In order for the plaintiff to succeed in her claim of automatically unfair dismissal, she had to produce sufficient evidence to raise a credible possibility that an automatically unfair dismissal had taken place; that is, that the employer had subjected her to quid pro quo harassment, and that this was the proximate cause of her dismissal.

The plaintiff’s version was that the main, dominant and proximate cause of her dismissal was predicated on the fact that she initiated grievance proceedings against Greeff regarding his conduct towards her.

Had she not lodged a grievance concerning Greeff, Pioneer Fishing would not have instituted disciplinary proceedings against her.

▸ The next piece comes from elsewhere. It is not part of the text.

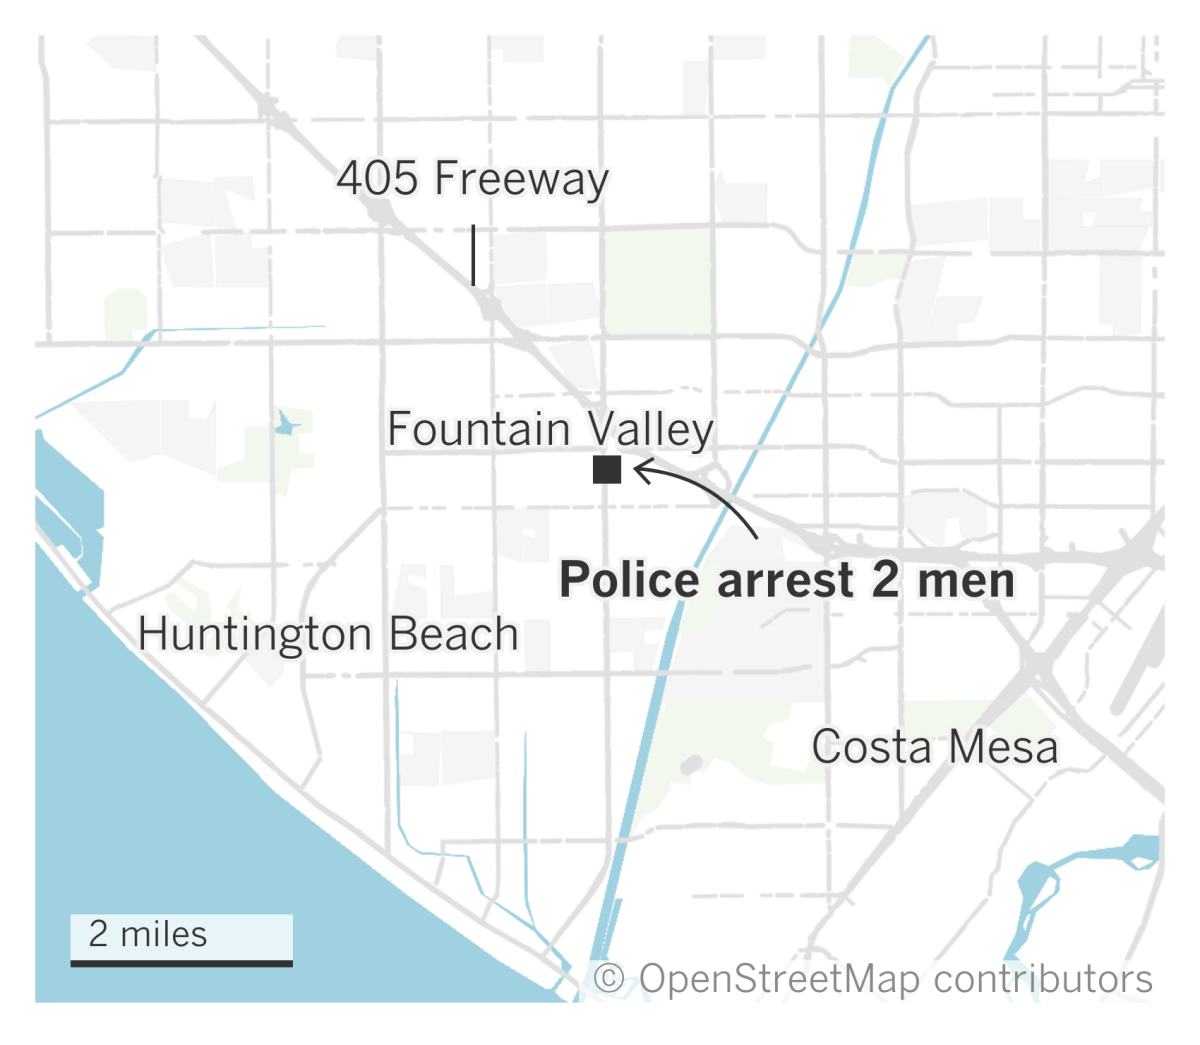 Fountain Valley police arrested two men.

She argued that the disciplinary action against her was punishment as a result of her having raised concerns about Greef’s hostile conduct towards her, which arose after the romantic relationship between the two of them ended.

Pioneer Fishing argued that the plaintiff’s case had two fundamental issues:

  • the plaintiff had accepted that at no stage had Greef subjected her to any sexual harassment; and
  • even if it assumed, albeit incorrectly, that the company made common cause with Greeff against her, there was no evidence that it had done so in support of conduct amounting to sexual harassment. Furthermore, she had agreed that it was not unreasonable for the CEO to have instituted disciplinary action against her following the investigator’s report.

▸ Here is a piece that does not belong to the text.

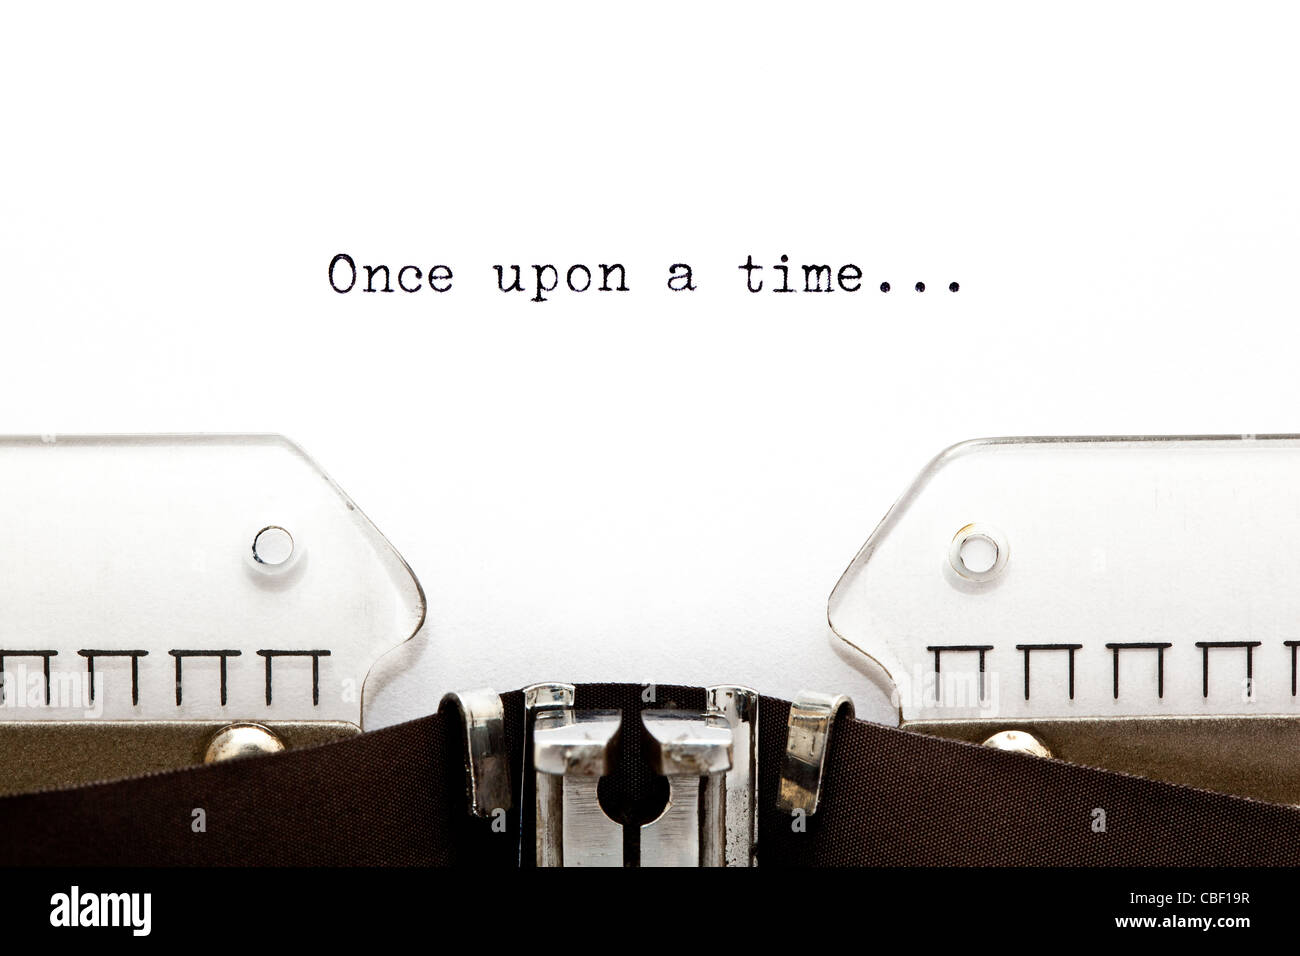 Once upon a time... written on an old typewriter Stock Photo

The court found that there were no allegations of sexual harassment made by the plaintiff against Greef, let alone of a quid pro quo nature. The facts of this case could hardly be further removed from the type of quid pro quo sexual harassment cases exemplified by the Gaga and Makoti cases the plaintiff referred to.

A striking feature of this case was that it was Greeff who initiated the end of the relationship and there were later communications from him trying to curtail communications after hours.

There was no evidence that he then sought to revive the relationship at a later stage, but was rebuffed by the plaintiff, leading to him vindictively accusing her of misconduct as an act of retribution for fobbing him off.

The Labour Court concluded that the plaintiff did not make out even a prima facie case of sexual harassment and the claim was dismissed.

Key takeaways

The case illustrates that while the Harassment Code must be considered in matters relating to section 60 of the EEA, the application thereof cannot be interpreted as extending the scope of the EEA. Accordingly, an employer’s vicarious liability under section 60 of the EEA is limited to employees and not those persons listed in the Harassment Code.

In respect of automatically unfair dismissals in terms of section 187(1)(f) of the LRA, it is important that the employee is able to establish a causal link between the dismissal and the employer’s unfair discrimination against them, whether directly or indirectly, and this can also apply in respect of conduct perpetrated by contractors.

Despite the above, employers should be aware that employees may choose to bring a delictual claim in circumstances where the alleged perpetrator of harassment is an independent contractor or any other third party who is not employed by the employer.

It is therefore important for employers to take all reasonable steps to ensure that employees are protected against all forms of harassment in the workplace, including harassment that may be perpetrated by third parties.